Опенкин устало смотрел на огонь. Так бы упал на землю и заснул. Даже под дождем. Одеревенели ноги и все тело, горело раненое плечо.
— Колотуха вернулся? — спросил он.
— Пока нету.
Дождь наконец-то утих, и костер разгорелся. Запахло дымом, смолой.
— Стой, кто идет?
— Колотуха! — донеслось в ответ.
— Наши! — облегченно вздохнул Опенкин.
— Нашли патроны к пулеметам и автоматам, — доложил Колотуха, дергая за повод коня, навьюченного двумя мешками.
— Думаешь, оторвались от немцев? — спросил командир.
— Не очень.
Опенкин опустил голову, а потом снова стал смотреть на костер, пожиравший крупные сучья.

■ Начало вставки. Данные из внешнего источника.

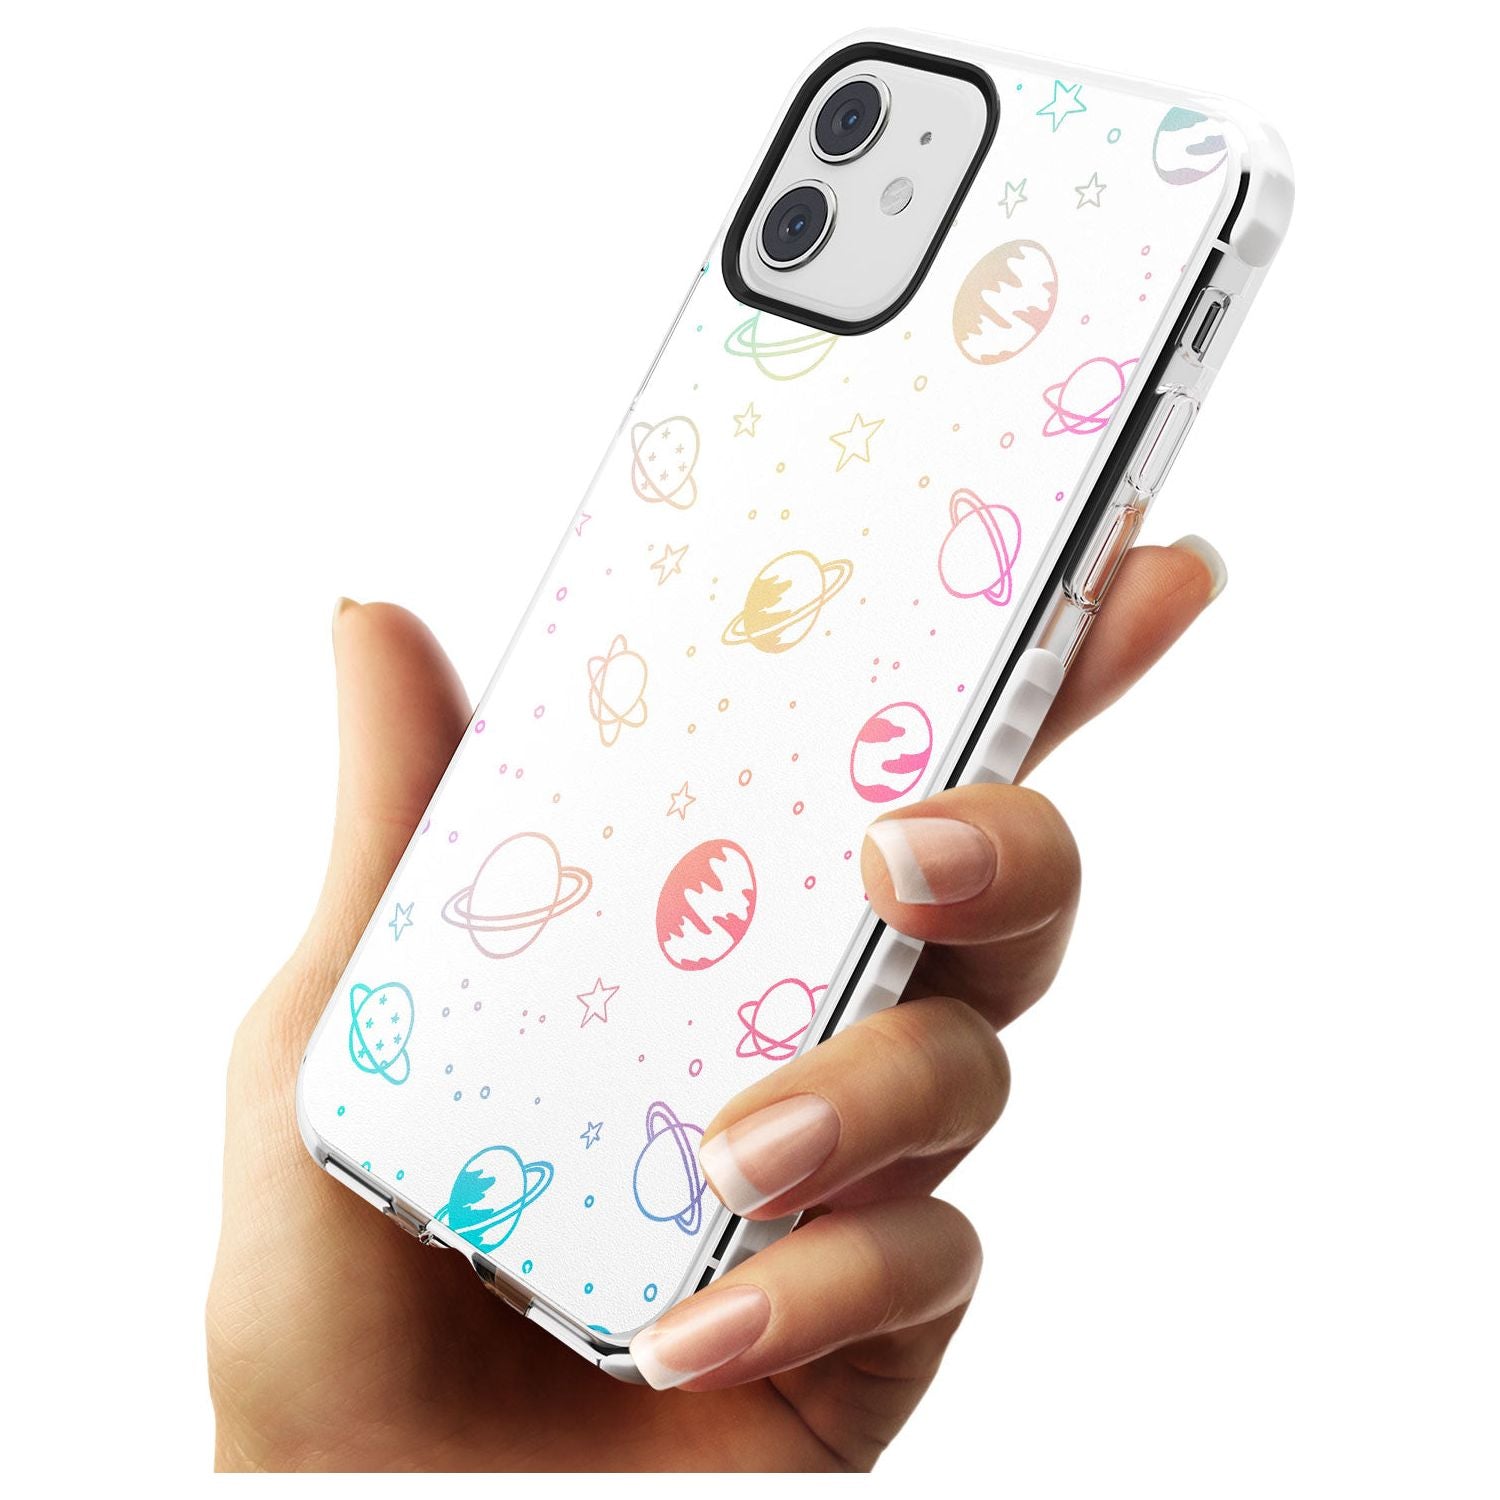 Outer Space Outlines: Pastels on White Slim TPU Phone Case for iPhone 11

Его большие серые глаза под широкими бровями смотрели сквозь огонь, а немного припухшие губы застыли в горькой улыбке. Наконец он поднялся и твердо сказал:
— С рассветом поднимать людей и копать окопы. В этом наше спасение, с такими ослабевшими людьми нам не уйти.

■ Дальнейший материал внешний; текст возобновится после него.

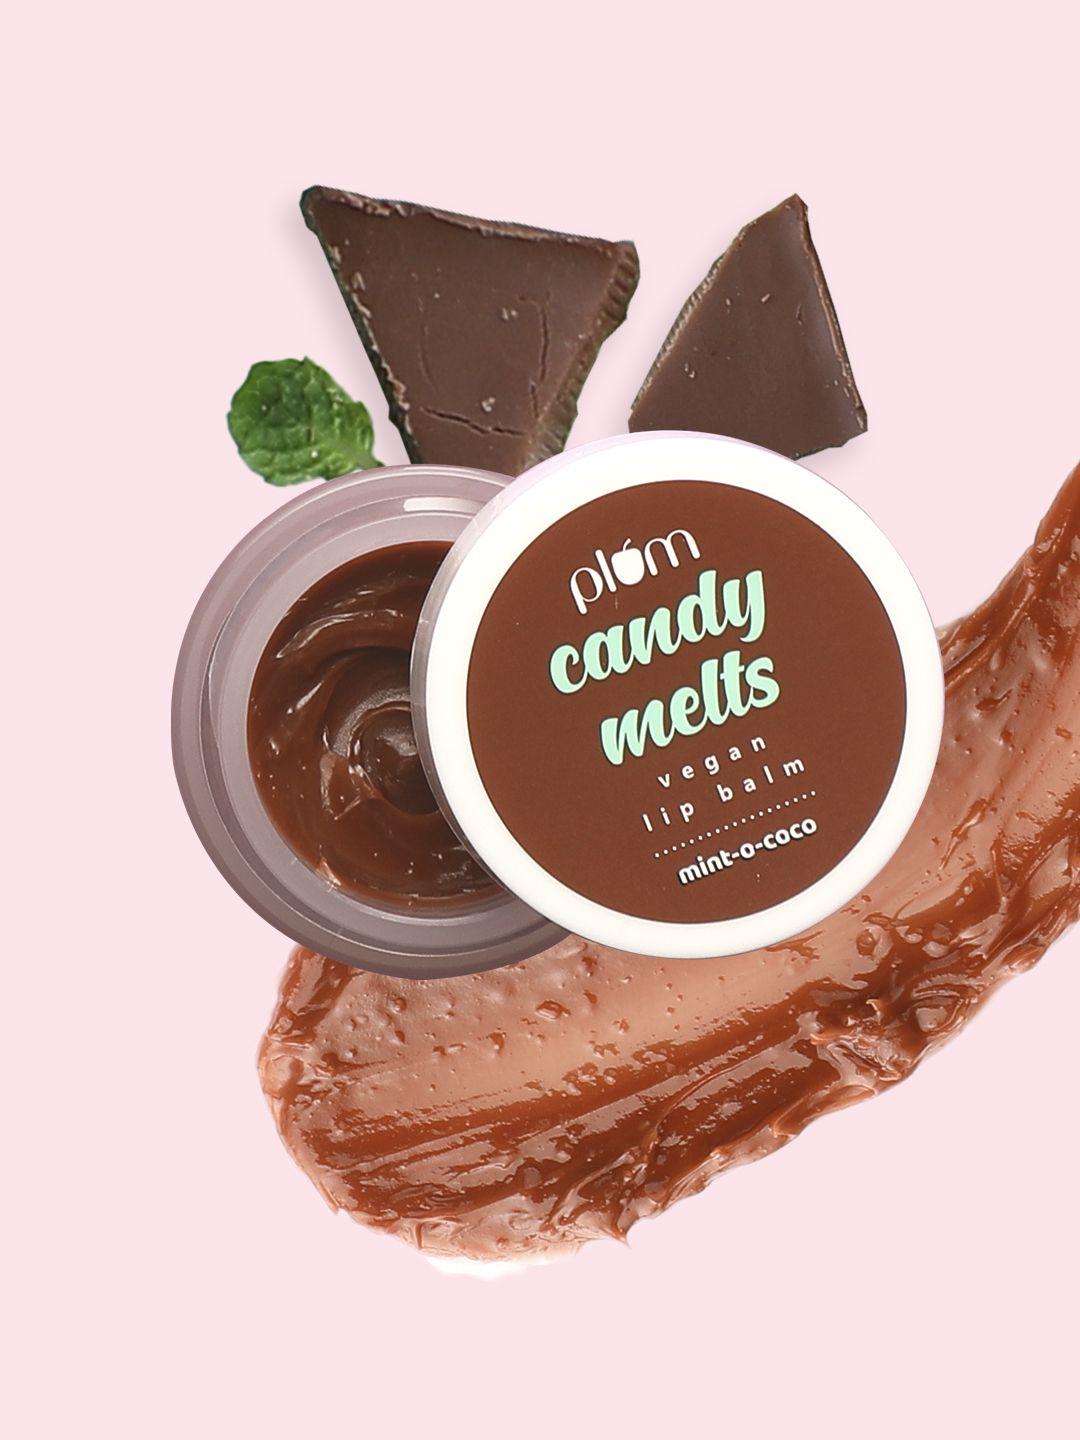 plum candy melts vegan lip balm with cocoa butter - mint-o-coco 12g

Бойцы вышли в поле, когда еще было темно. Возвратились через полтора-два часа мокрые, в грязи. Первые лучи солнца в это время уже пронзили лесок и прогнали сон. Птицы вокруг партизанского лагеря пели так звонко, что люди на мгновение забыли о войне, о том, что на сотни километров вокруг — враги.
— Товарищ командир, окопы вырыты!
— Тогда на кухню! Есть трофейные консервы. Подкрепиться!

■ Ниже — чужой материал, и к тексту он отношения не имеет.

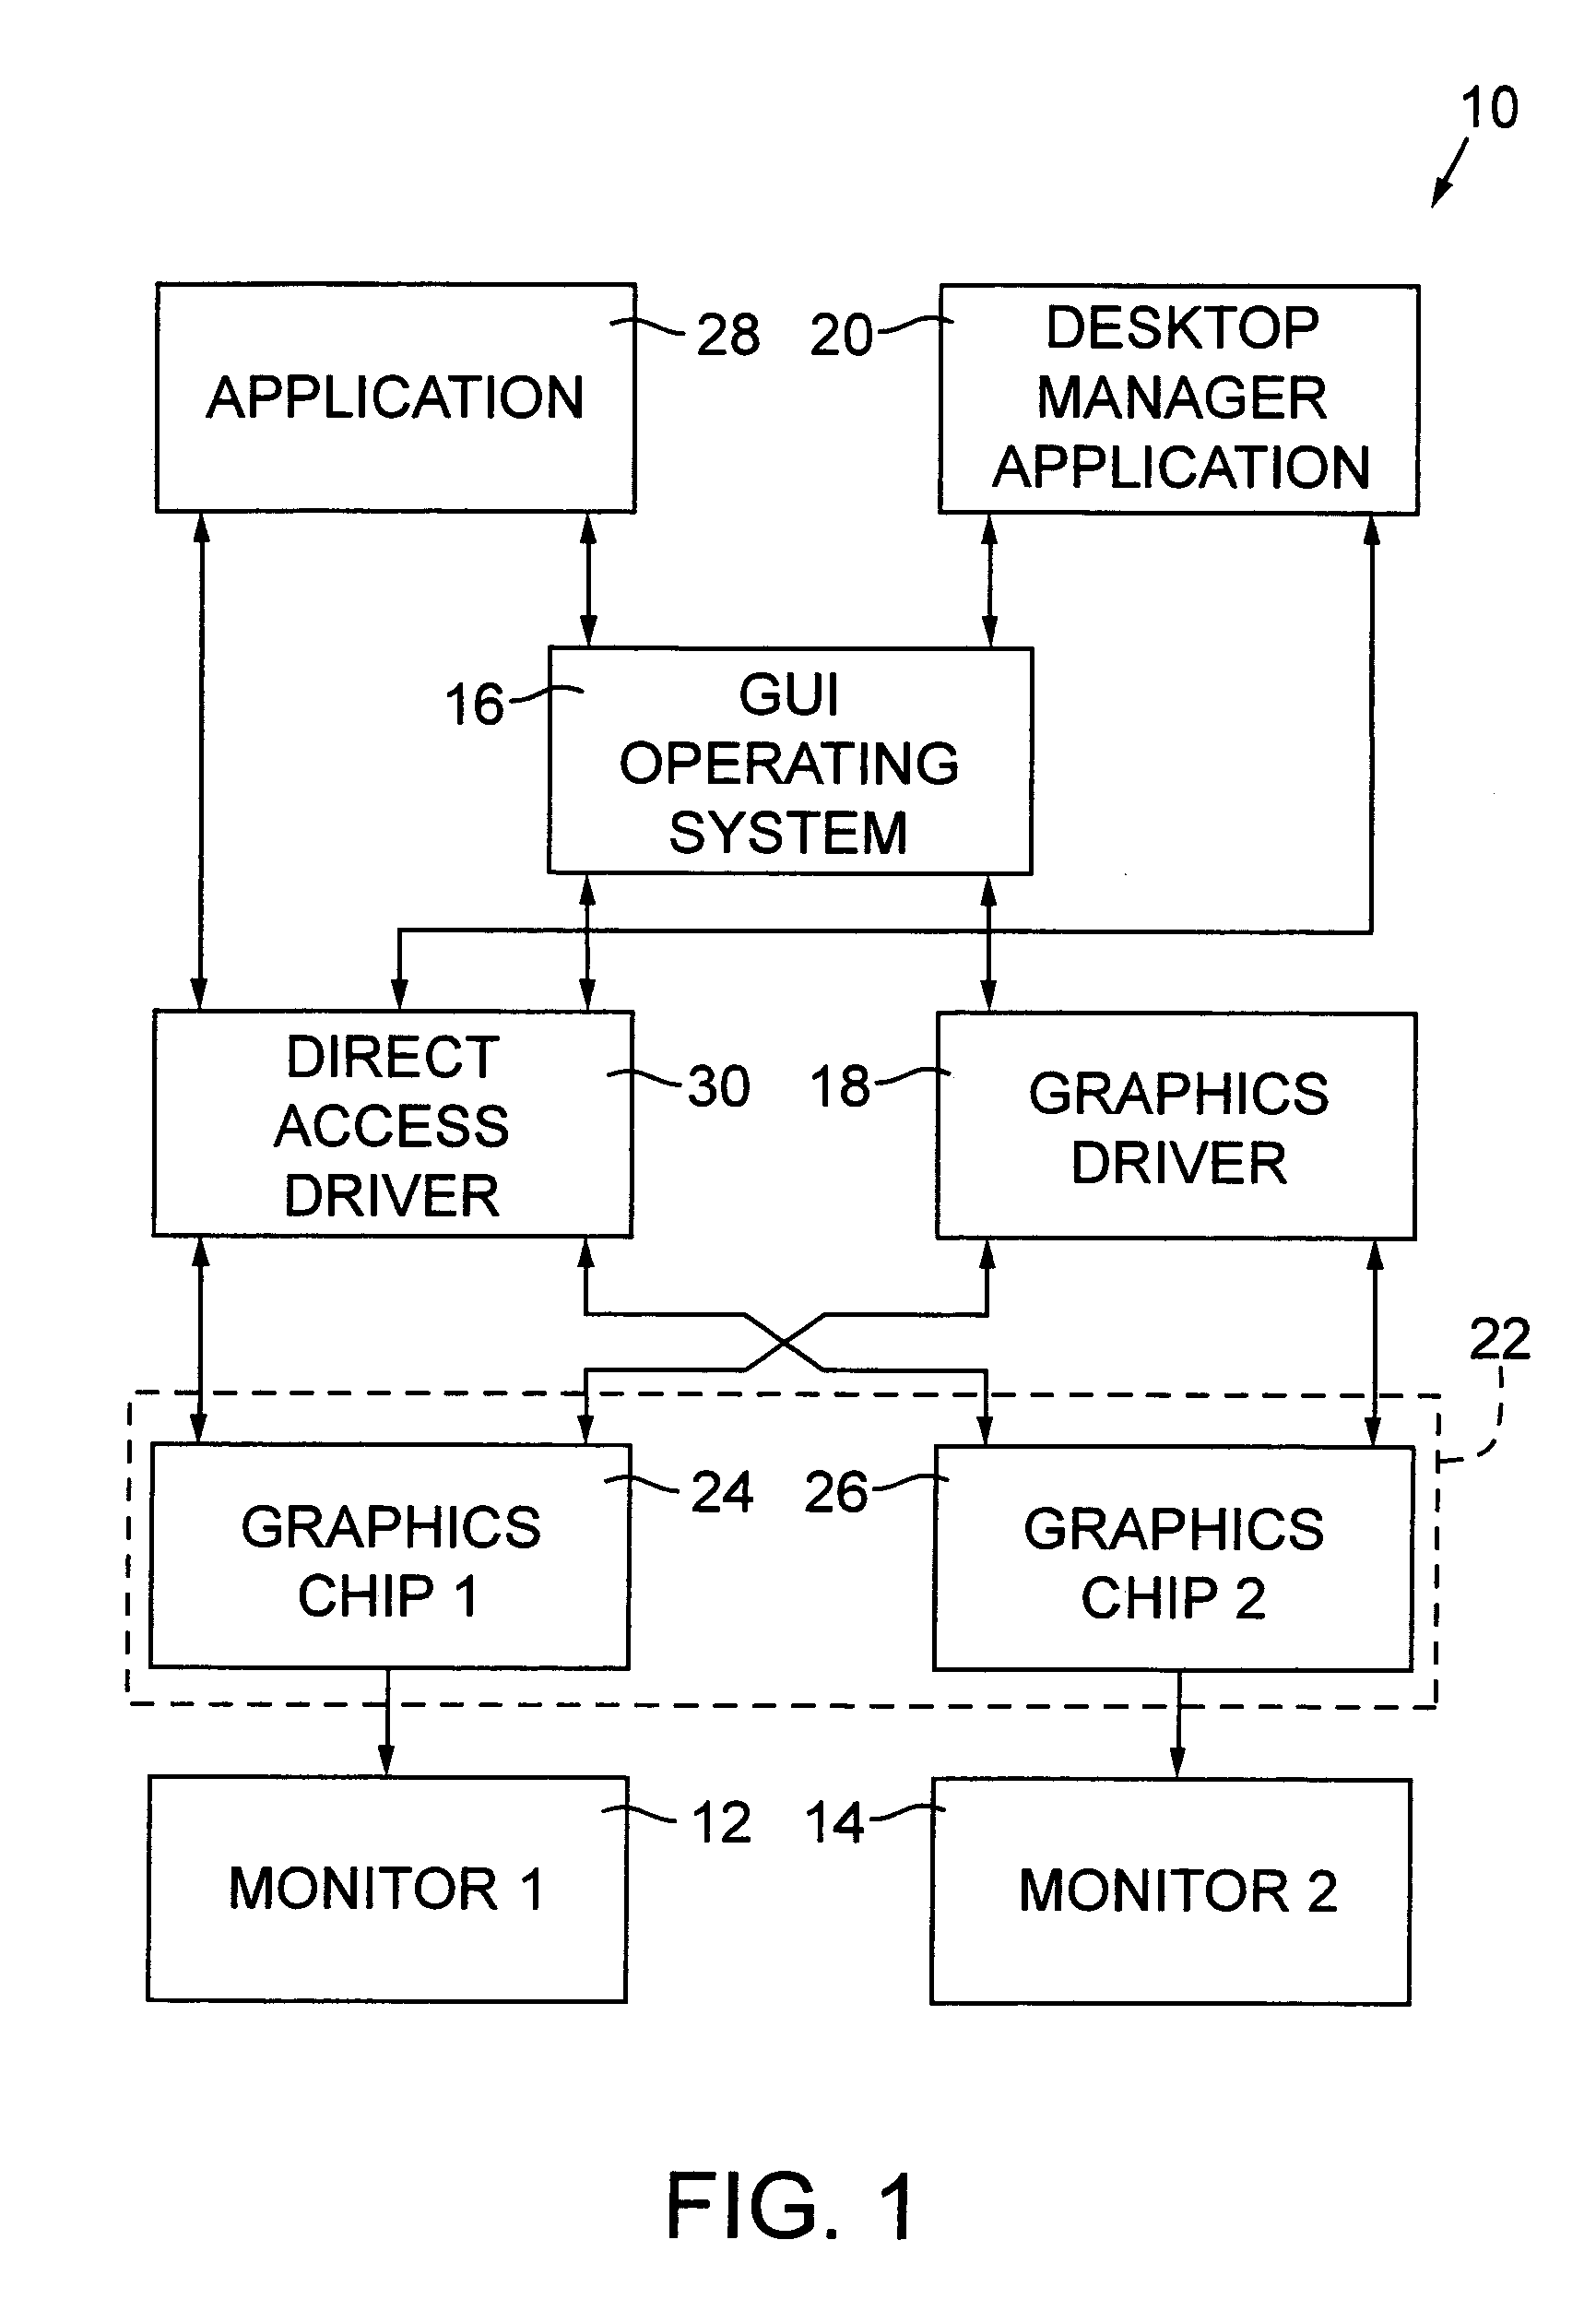 Method for displaying single monitor applications on multiple monitors driven by a personal computer

Две железные бочки, в которых сварили похлебку, были опустошены мгновенно. Группа бывших пленных подошла к Опенкину.
— Благодарим! Спасибо, командир.
— Кто хочет, может стать бойцом нашего отряда. Есть оружие, есть патроны. Но и задерживать вас не будем. Можете разбиться на группы и идти к линии фронта.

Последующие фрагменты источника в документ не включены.